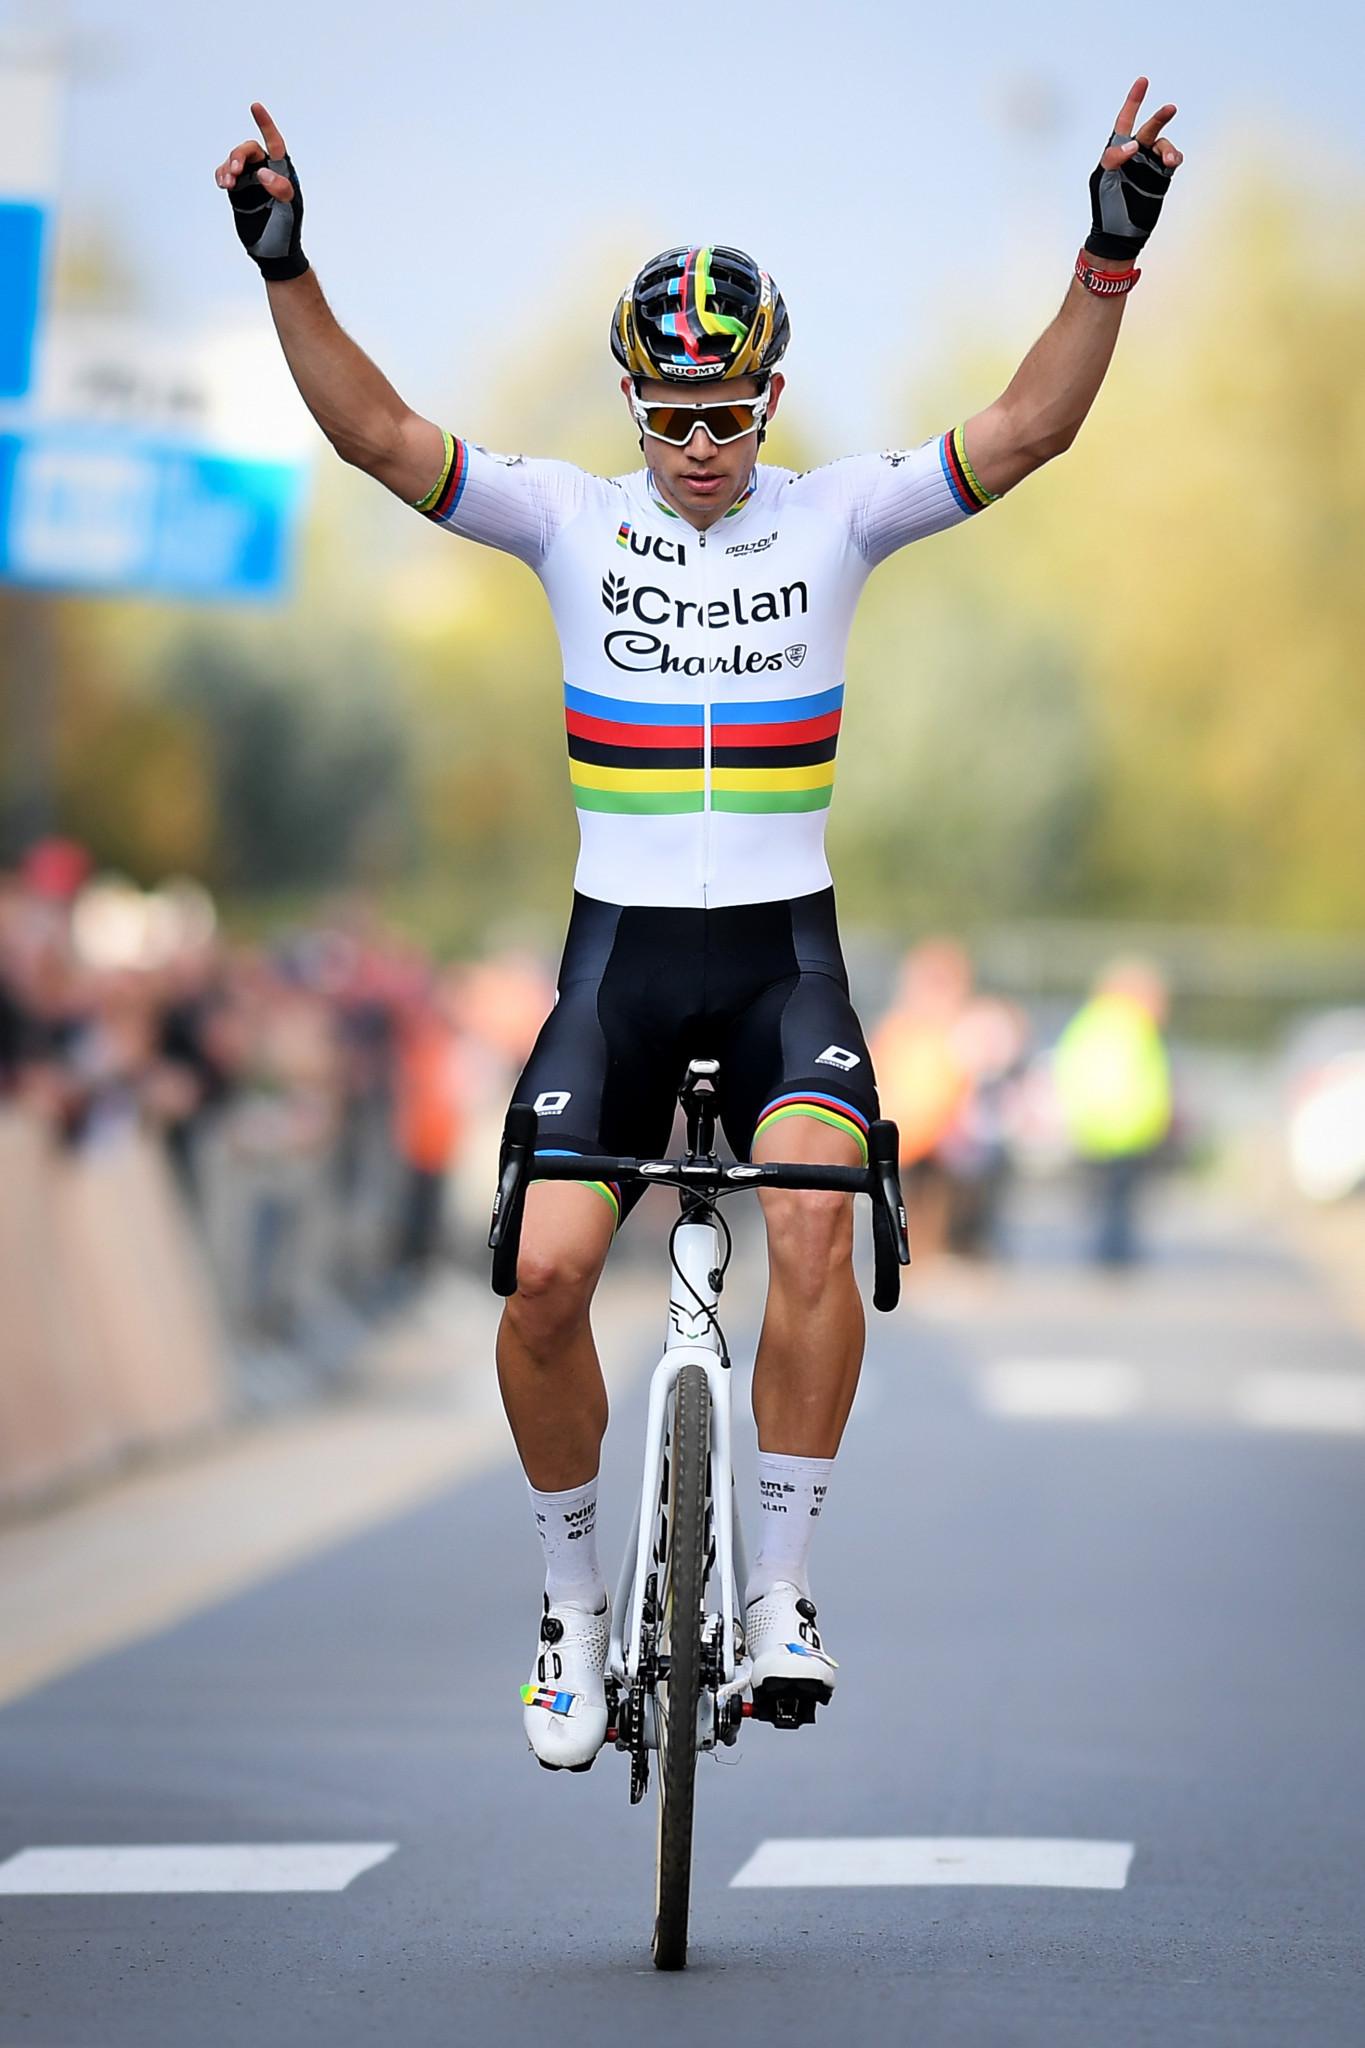 Van Aert tops men's elite podium at UCI Cyclo-cross World Cup in Namur
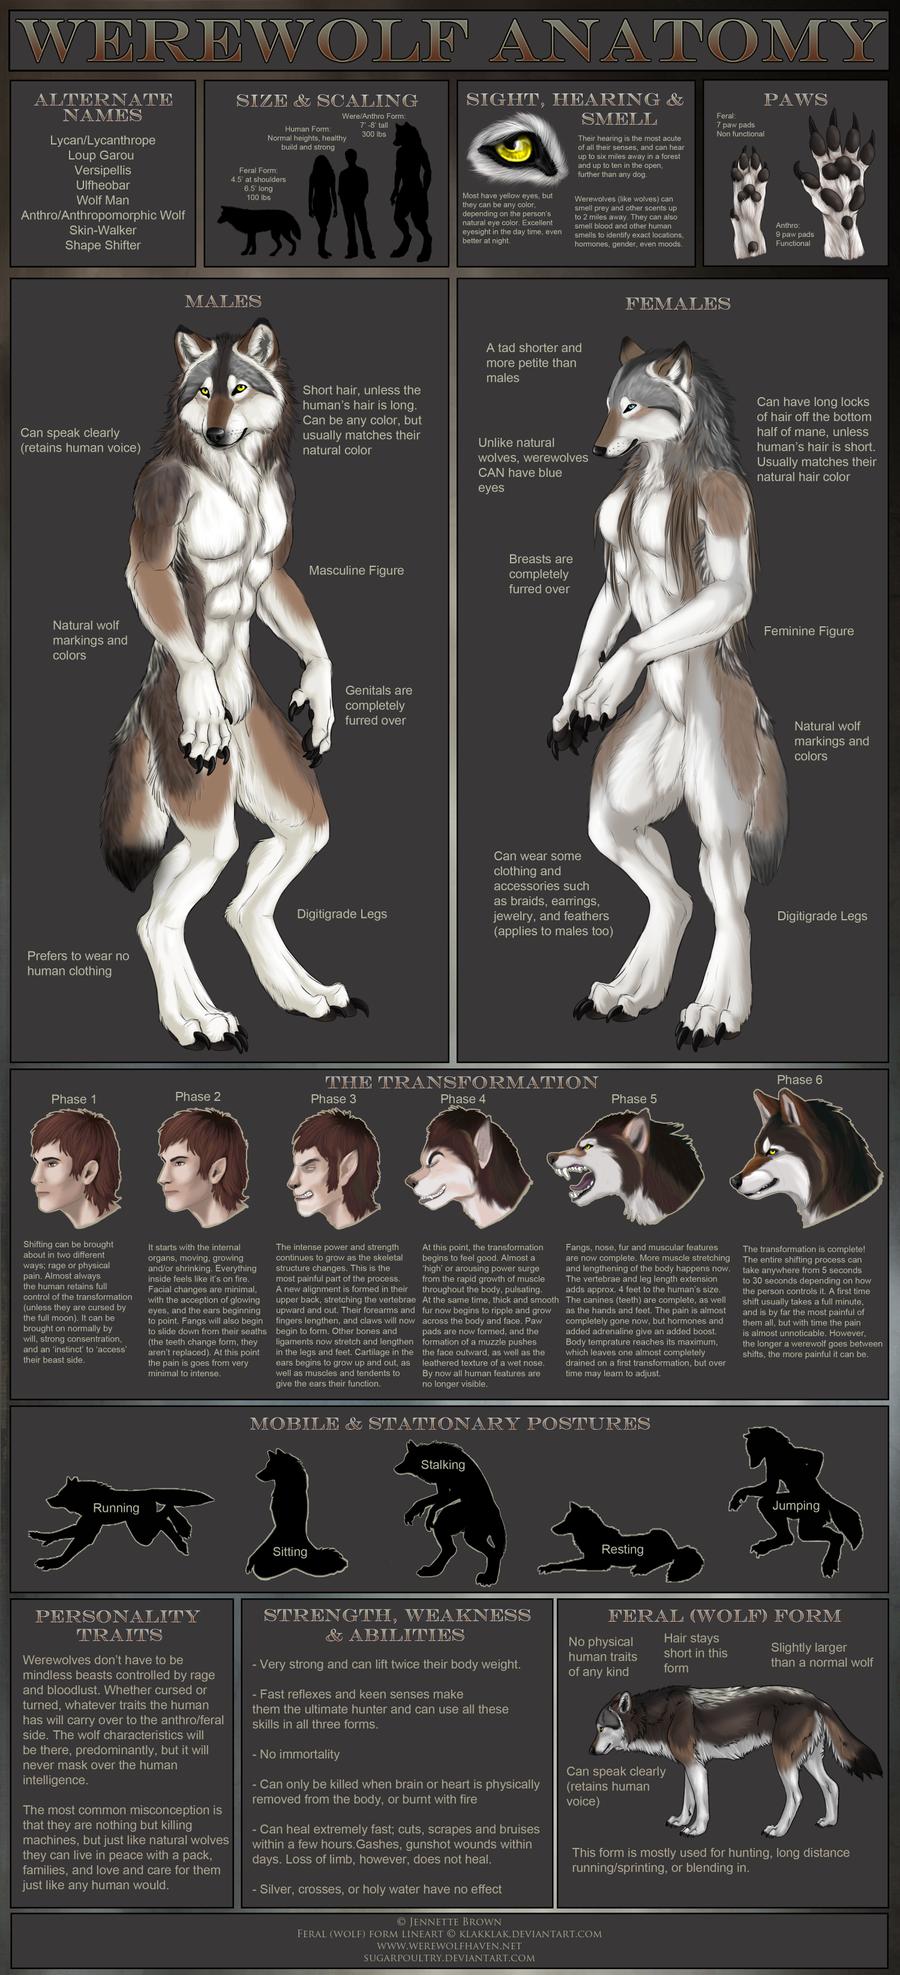 Werewolf Anatomy by sugarpoultry
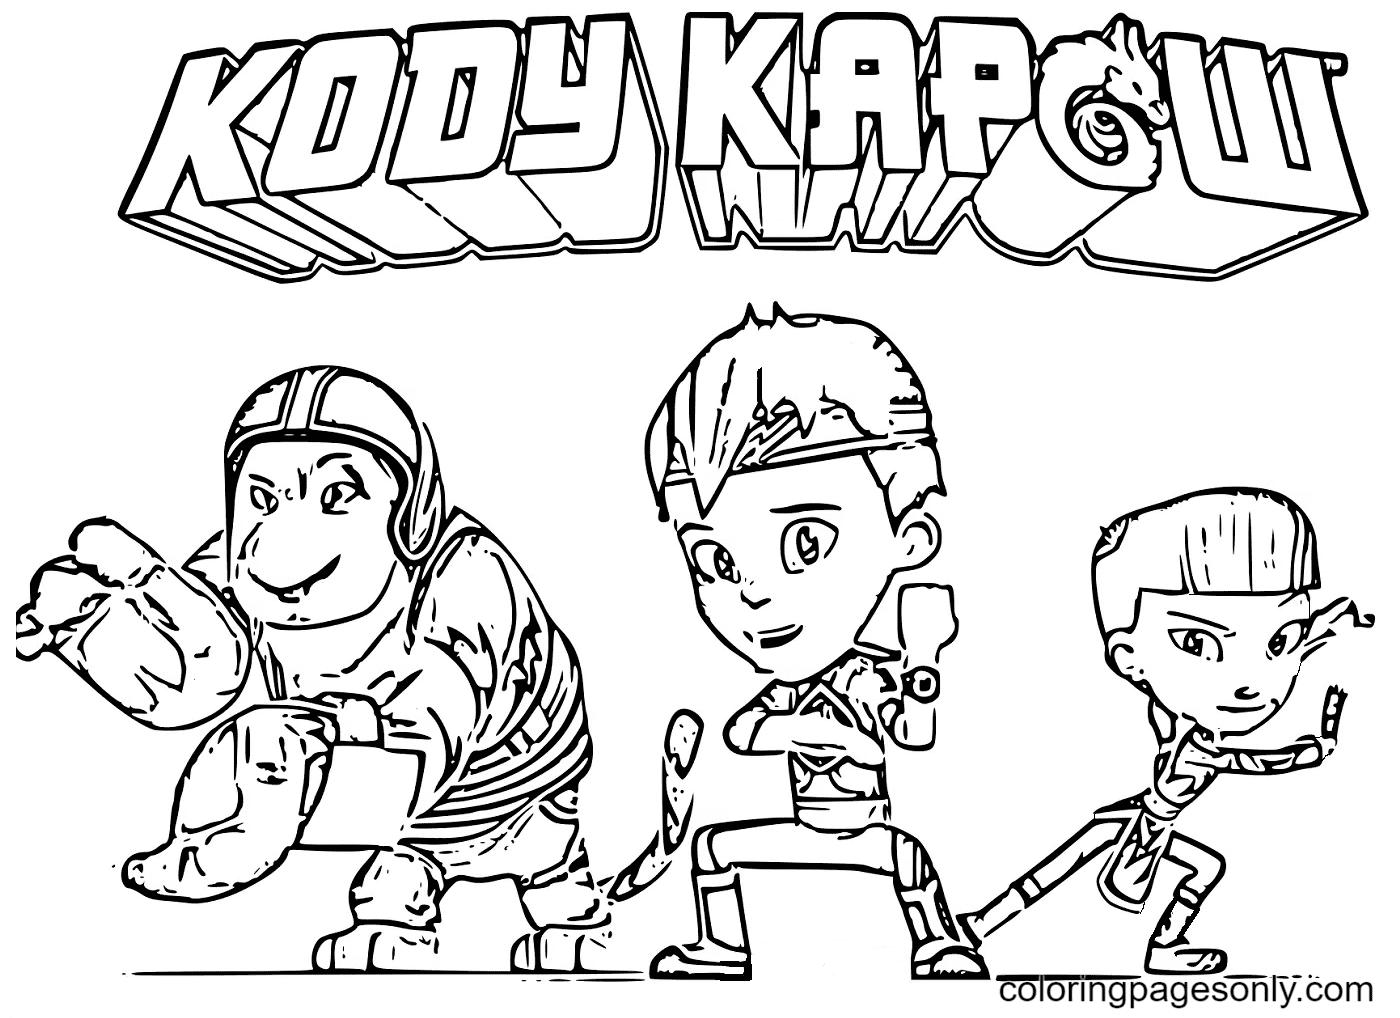 Cartoon Kody Kapow Coloring Page

> PROBLEM TO SOLVE
Output the line containing "Werewolf Anatomy by sugarpoultry" and each line after it, through the end of the material, exactly as given. No pictures belong in the output.

> ANSWER TO THIS PROBLEM
 Werewolf Anatomy by sugarpoultry
 Cartoon Kody Kapow Coloring Page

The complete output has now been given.